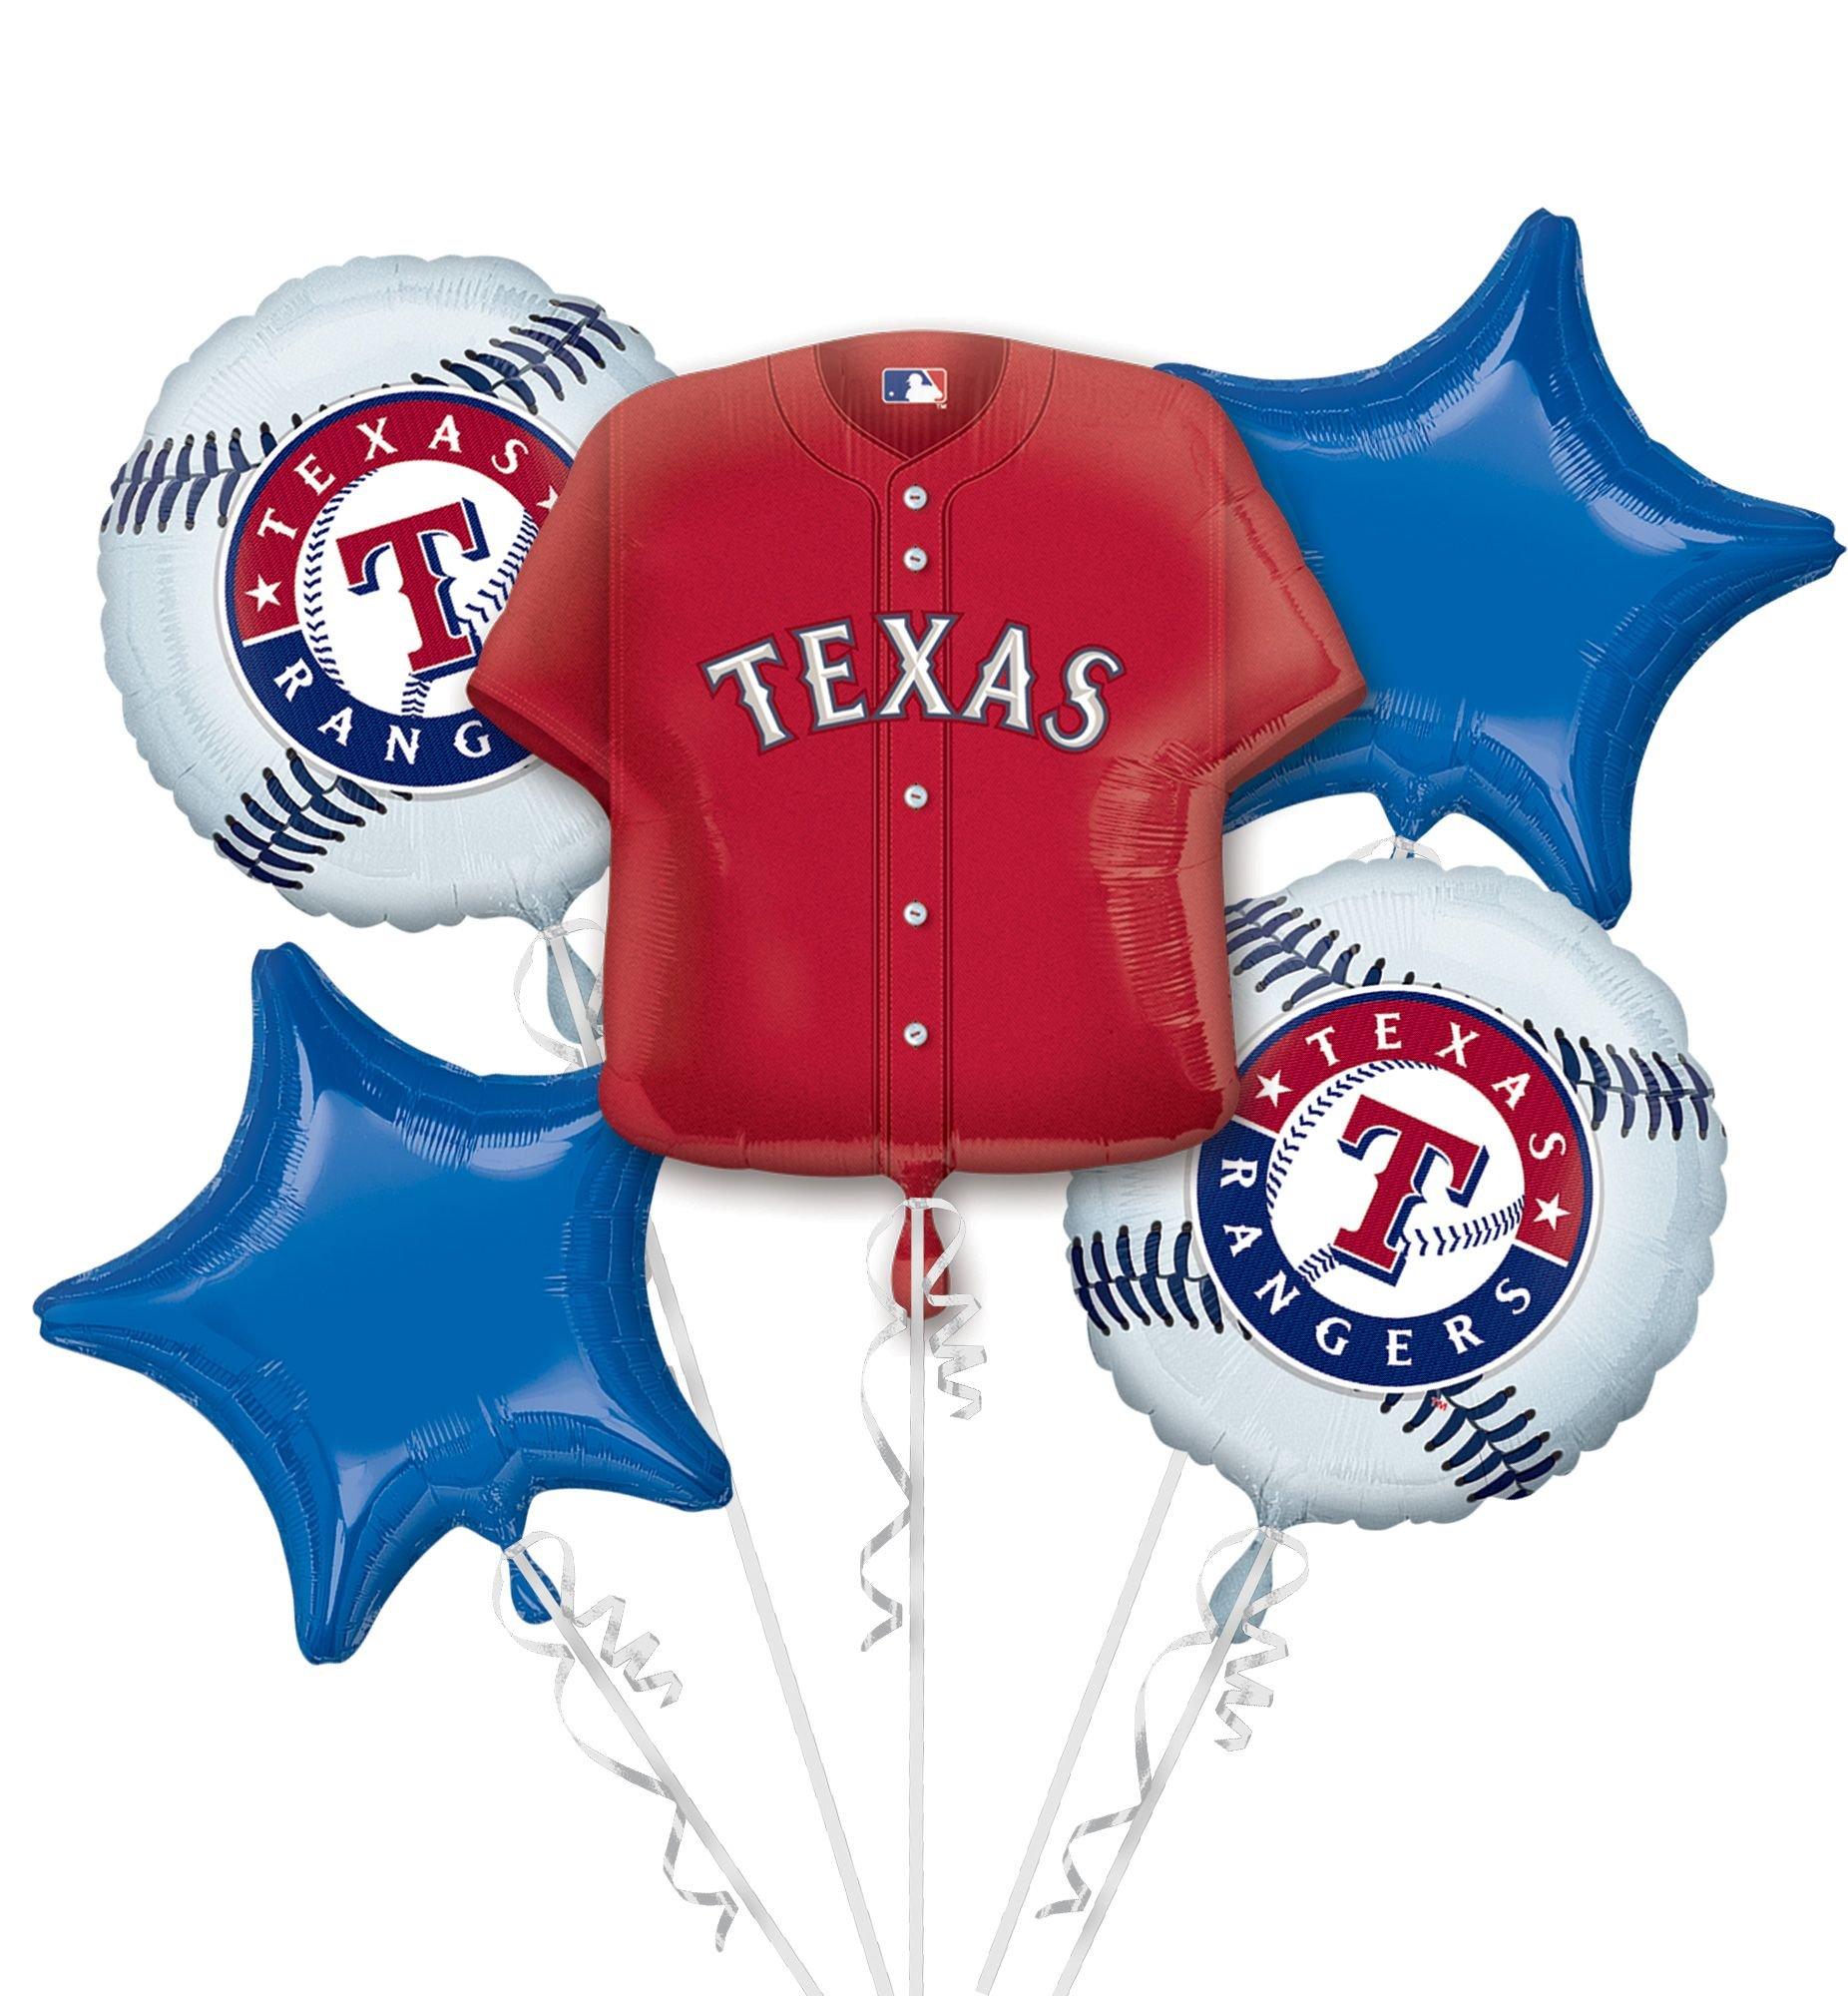 Texas Rangers Balloon Bouquet 5pc - Jersey
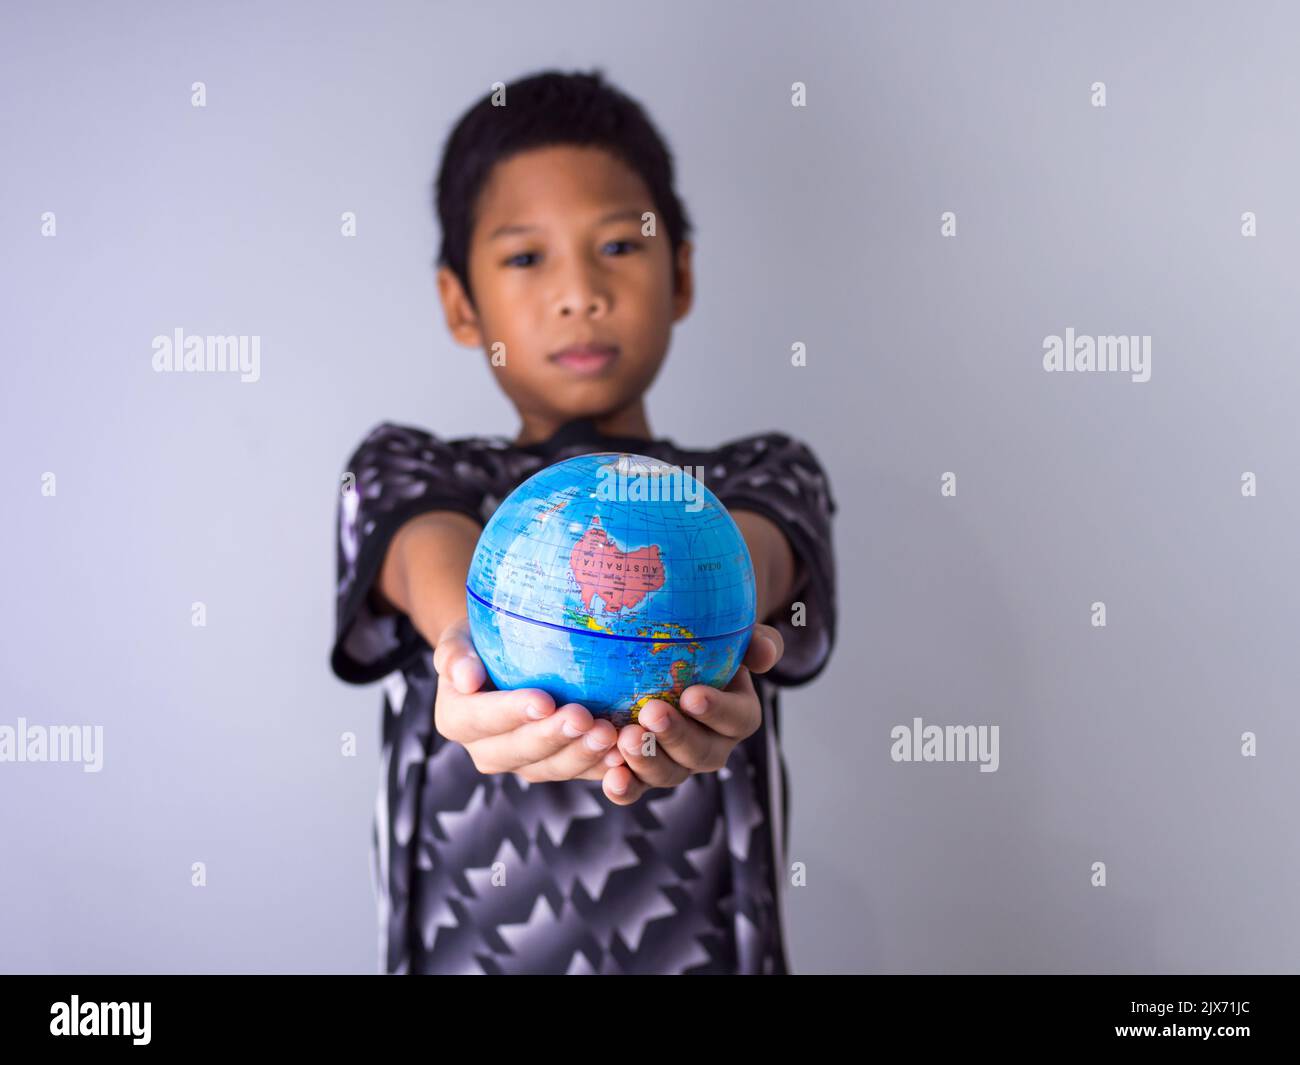 Garçon tenant un globe se démarquer devant montrer la puissance de la nouvelle génération pour continuer à développer notre monde. Banque D'Images
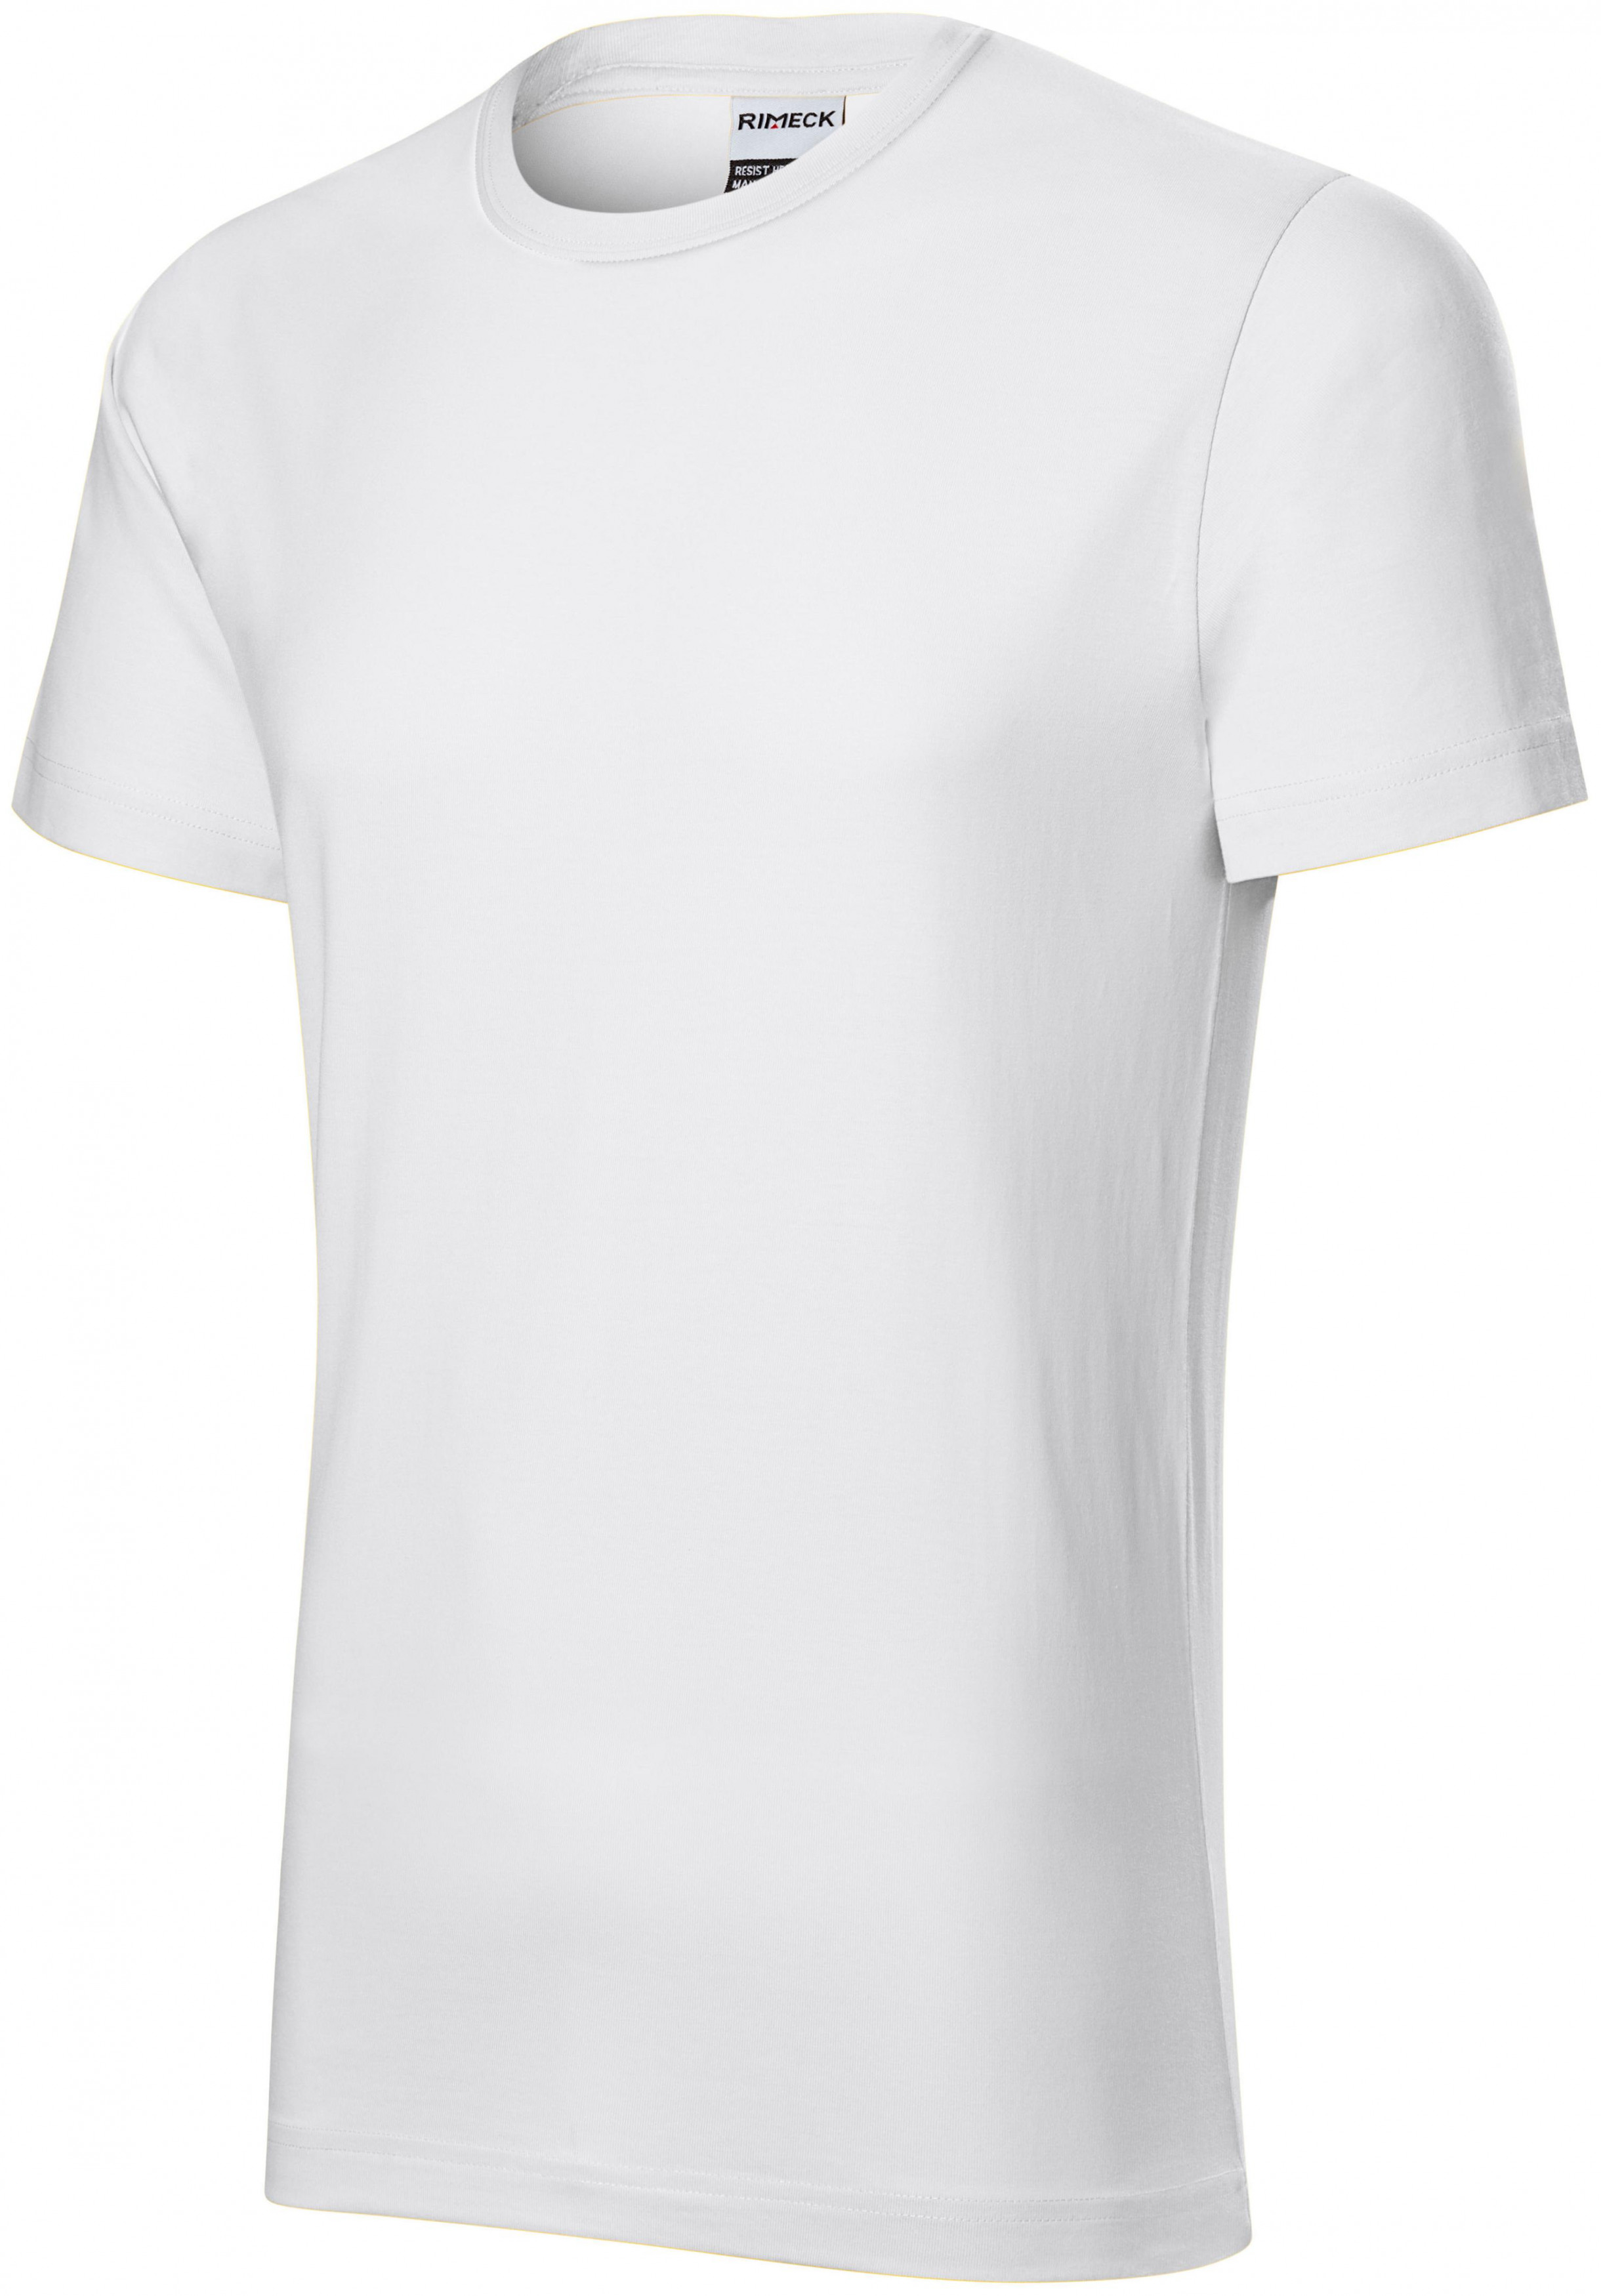 Odolné pánske tričko hrubšie, biela, XL
◇ ◇ ◇ ◇
## WHAT THIS TASK INVOLVES
Give back every line of the material exactly as written, but not the pictures.

## COMPLETED EXERCISE
 Texas Rangers Balloon Bouquet 5pc - Jersey
 Garçon tenant un globe se démarquer devant montrer la puissance de la nouvelle génération pour continuer à développer notre monde. Banque D'Images
 Odolné pánske tričko hrubšie, biela, XL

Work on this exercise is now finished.